Ne kadar hazin bir tablo!
Bireysel silahlanmanın geldiği noktaya; öfke ve güç patlamasının sınır tanımadığına örnek iki olay.
İnsan düşünmeden edemiyor; bir profesörde niye silah olur?
Hangi ihtiyaçtan?..
Ruhsatlı mı, ruhsatsız mı, haberde ayrıntısı yok bunun ama velev ki ruhsatlı; bu kez taşıma ruhsatı var mı, sadece bulundurma ruhsatlı mı buna da bakmamız gerek.
Kime nasıl silah ruhsatı verildiği belli değil; orası da apayrı bir tuhaflık silsilesi.
Örneğin görevini ifa ederken öldürülen sayısız avukat var; avukata ruhsatlı silah veriyor devlet ama hakim ve savcıdan harç almazken avukattan harç alıyor.
Avukat mesleği bırakırsa ruhsat iptal.
Lakin bir dönem için seçilen muhtar ömür boyu ruhsat alabiliyor; harç da yok üstüne.
Nasıl bir uygulama anlaşılır değil.
Şimdi profesörün silahı ayrı bir konu; ruhsatsızsa silahı nasıl temin ettiği ayrı bir konu!
Keza davetli olarak geldiği düğünde bir Cumhuriyet Savcısı’nın görev yaptığı il bile değilken kendini ülkenin tümünde yetkili olduğunu düşünüp bir emniyet müdürüne düğünde vuku bulan bir olayla ilgili emir vermesi, üzerine emniyet müdürüne saldırması?..
Ki, düğünde bir maganda ruhsatsız glock ile havaya ateş açmış, müdür de kişi hakkında işlem yapılması talimatı vermiş. Savcı da bu noktada araya girip işlem yapılmamasını istemiş ve ortalık gerilmiş.
Liyakat diyoruz di mi?..
Unvanla liyakat olmuyor ki!
Liyakat, kişinin görevini yapabileceği donanımda, bilgide, birikimde olması gerek.
Yaralanan ve ateş açan profesörlerin yaşına bakıyorsunuz; 40’lı yaşlar…

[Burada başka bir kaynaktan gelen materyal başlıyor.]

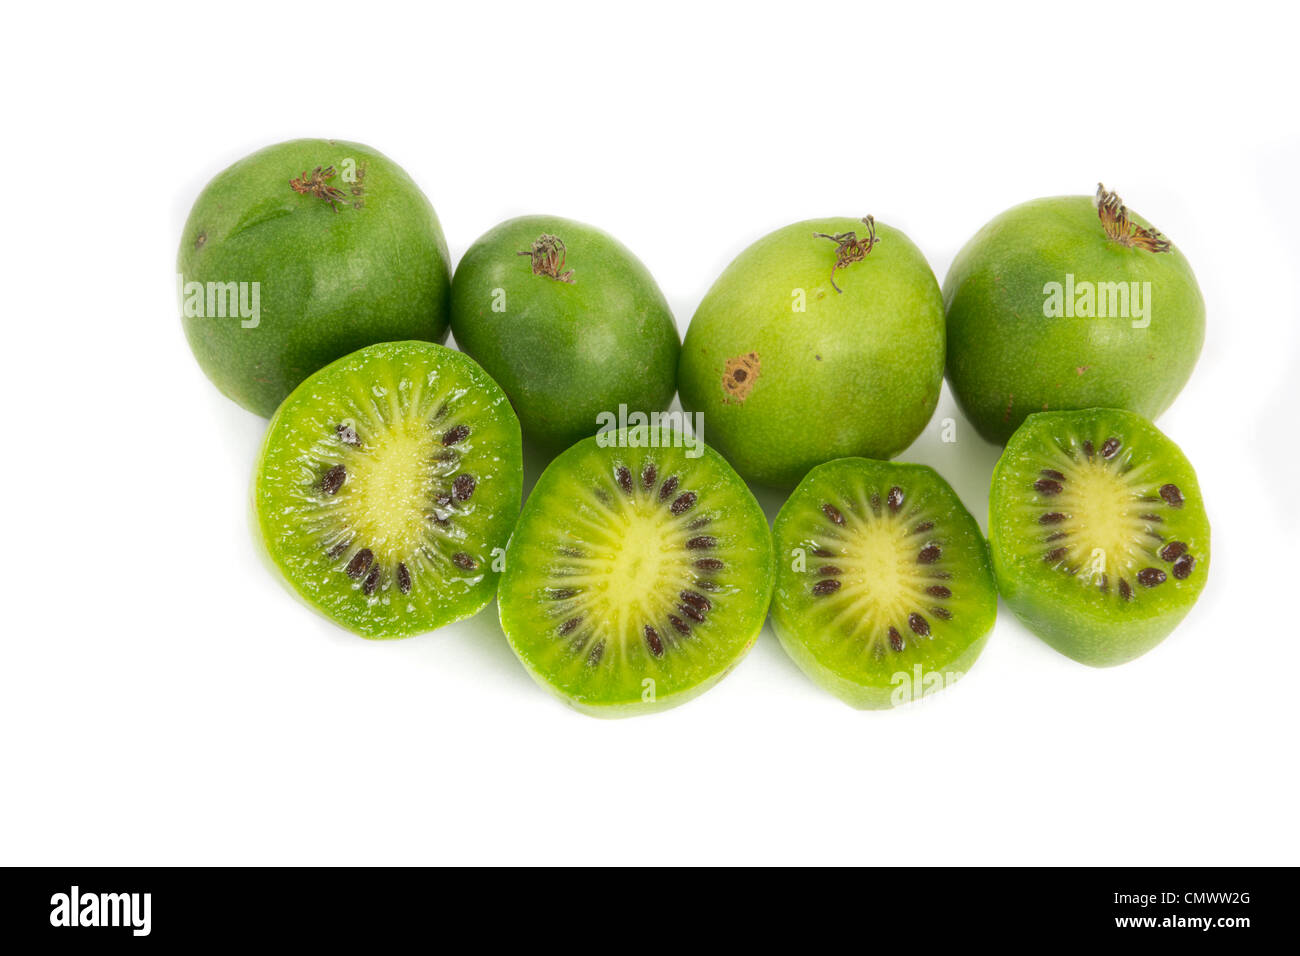 Photo d'un tas de petits fruits kiwi on white Banque D'Images

Bir zamanlar profesör olmak ne uğraşlar gerektirirdi, bırakın profesörlüğü doçent olmak bile ömür törpüsüydü… Lisans, yüksek lisans, doktora, yardımcı doçentlik, doçent ve sonra profesör…
Kaç zaman oldu bilinmez bu silsilede yardımcı doçentliği de kaldırdılar, akademik süreç kısaldı… Eskiden saçı başı ağarmış profesörlerimiz vardı, şimdilerde neredeyse doktor görünümlü profesörlerimiz oldu.
Elbette liyakatlerinin hakkını verenleri tenzih ediyoruz…
Ama öyle bir nitelik düşüşü var ki…
Liyakat demekle de olmuyor…
Silaha, şiddete, öfkeye kurban olmuş görünümdeyiz.
Her kolda, her alanda umutsuzluk tavan.
Ruh sağlığı günüymüş 10 Ekim.
Sağlık kısmı gitti bitti, ruh gibi olduk nicedir!